** Supplied material follows **

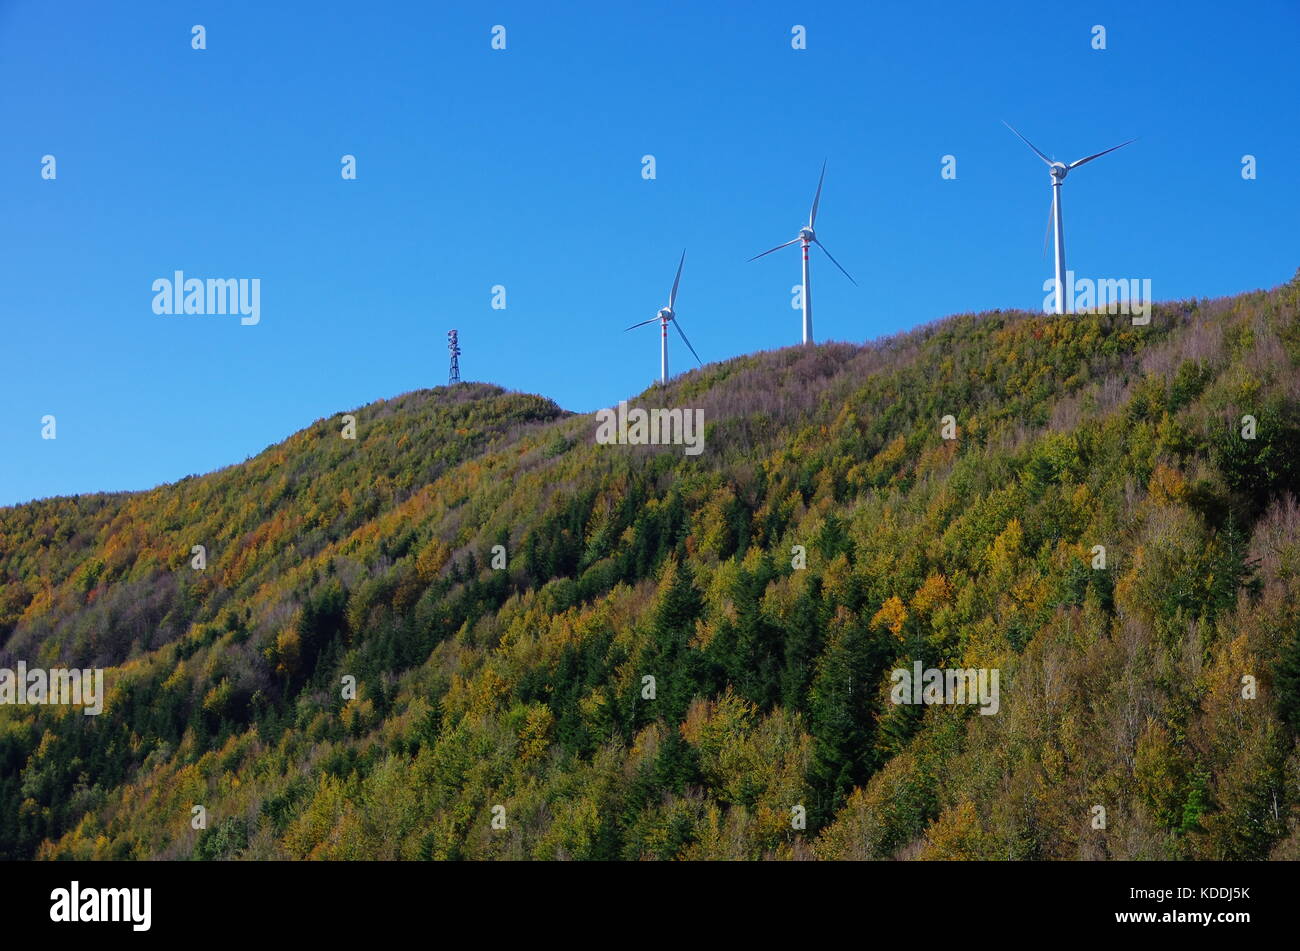 Éoliennes sur le sommet du mont secchieta en toscane, italie Banque D'Images
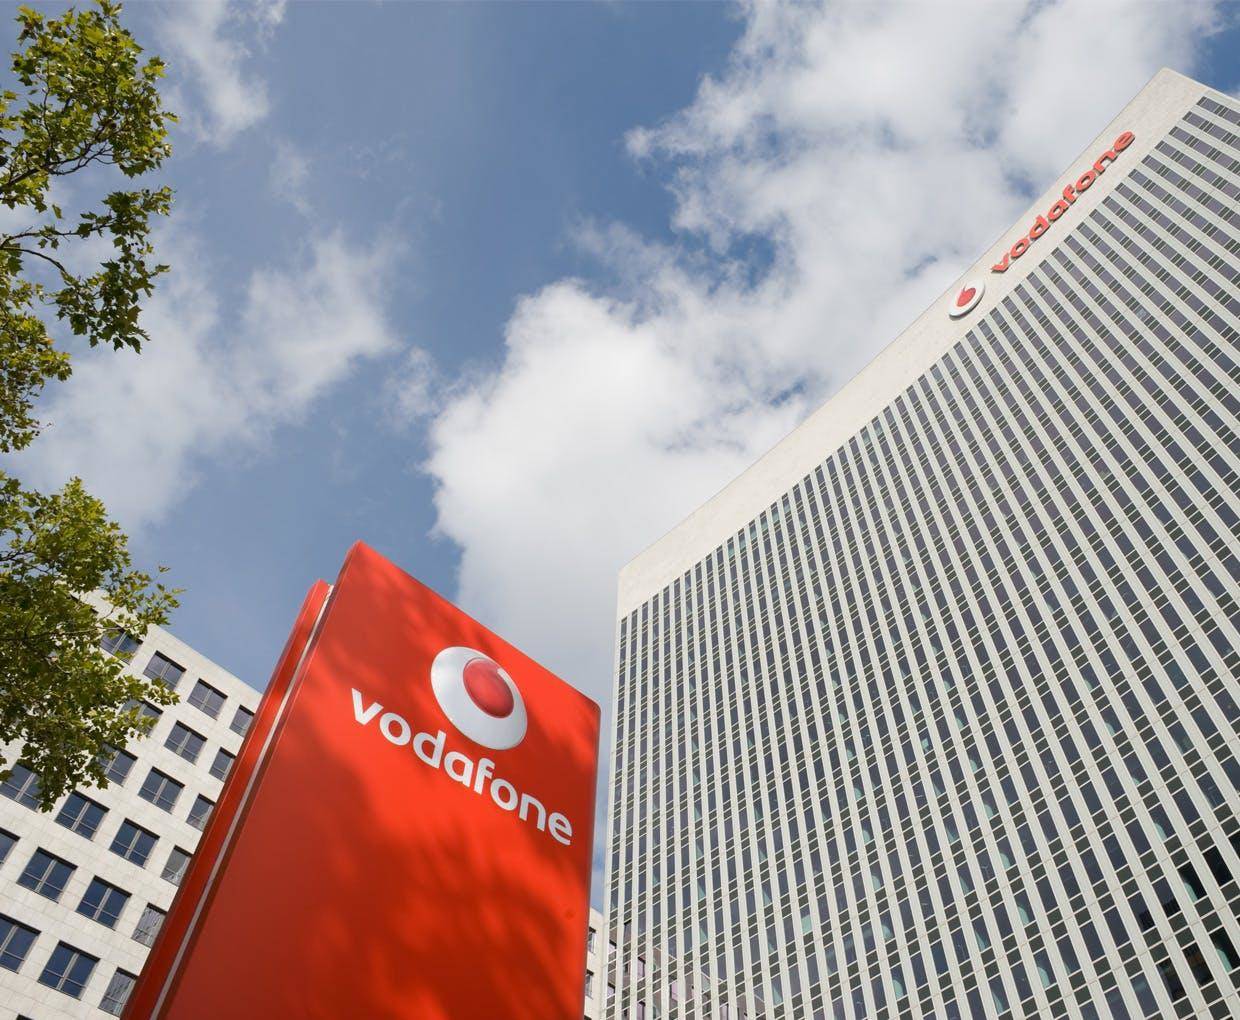 Vodafone ने जारी कीया नया प्लान,28 दिनों तक रोज मिलेगा 2GB 4G डाटा
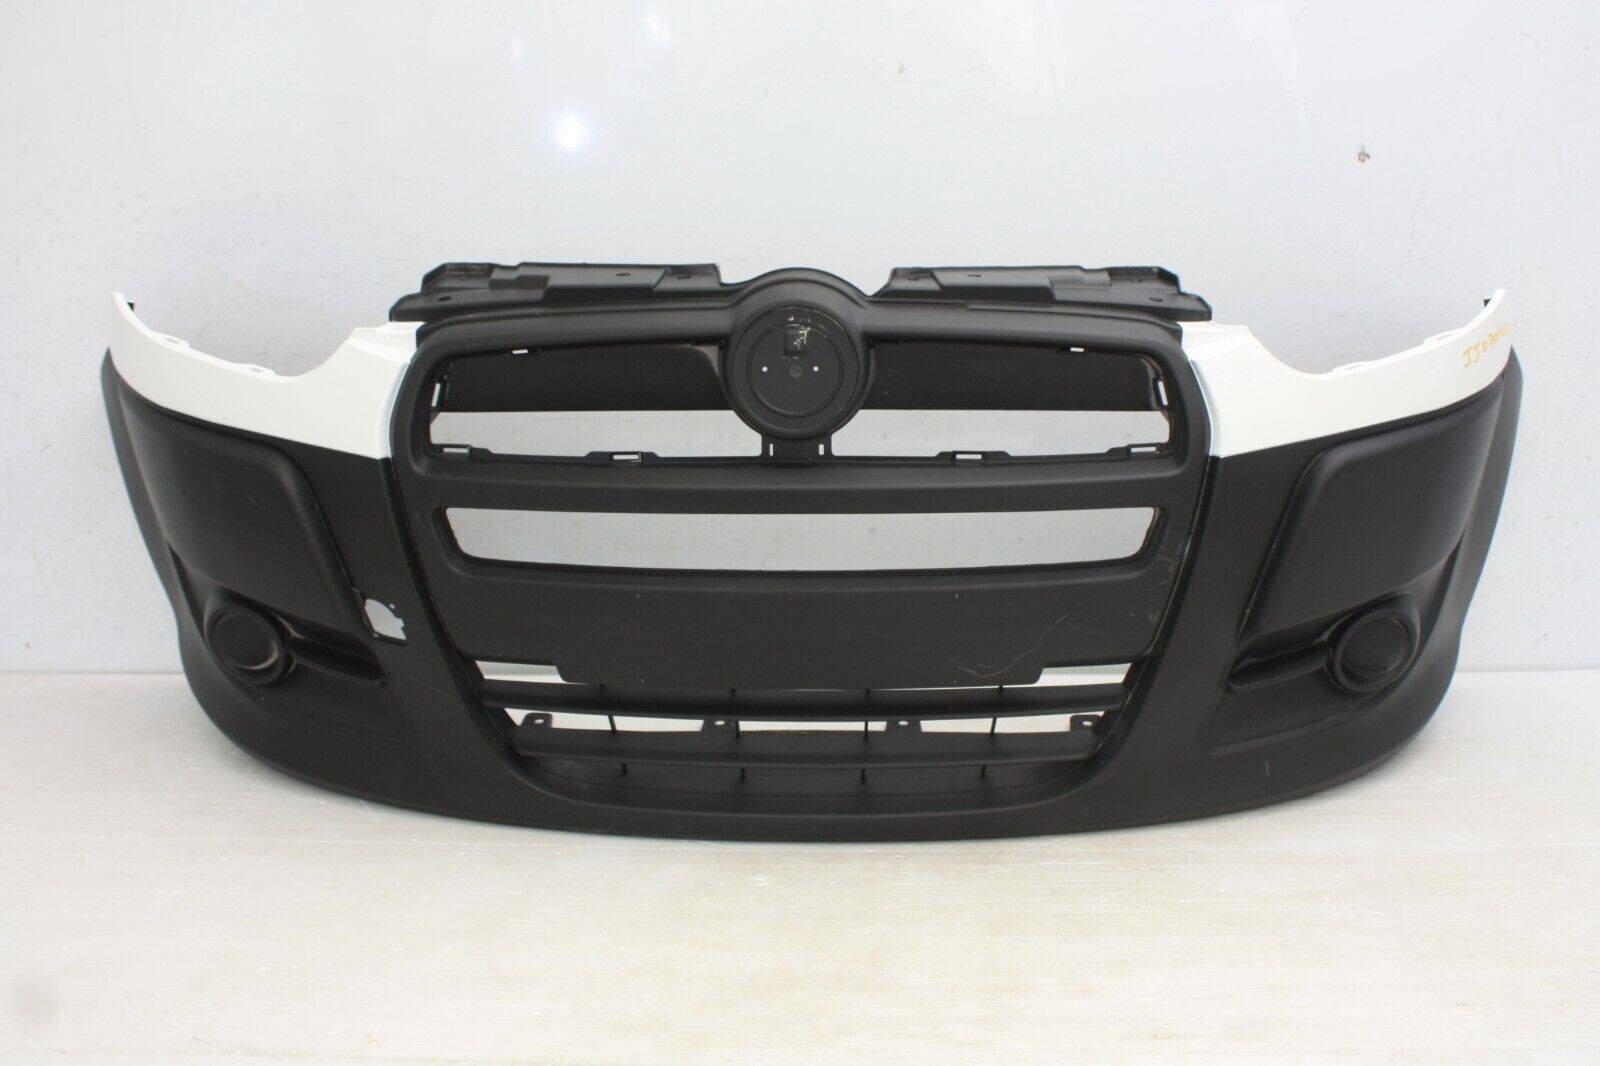 Fiat Doblo Front Bumper 2010 TO 2015 735455570 Genuine GOT SCRATCHES 175681017943
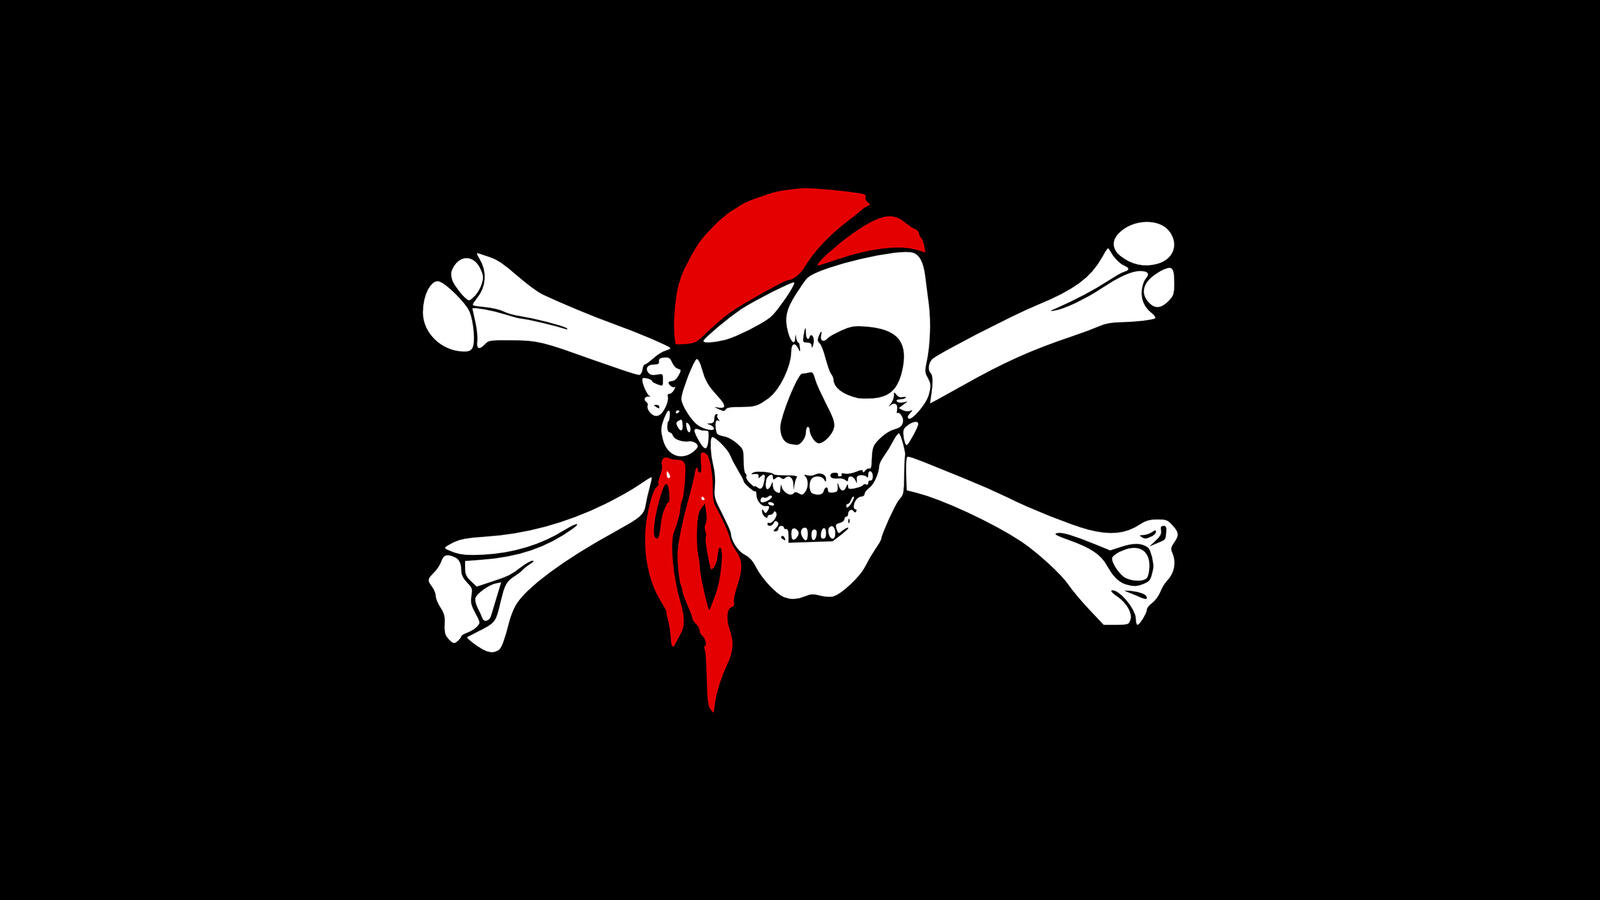 Бесплатное фото Картинка с пиратским символом в красной бандане на черном фоне

** End of Supplied material **

Retype the data above exactly. Do not carry over any images.

 Éoliennes sur le sommet du mont secchieta en toscane, italie Banque D'Images
 Vodafone ने जारी कीया नया प्लान,28 दिनों तक रोज मिलेगा 2GB 4G डाटा
 Fiat Doblo Front Bumper 2010 TO 2015 735455570 Genuine GOT SCRATCHES 175681017943
 Бесплатное фото Картинка с пиратским символом в красной бандане на черном фоне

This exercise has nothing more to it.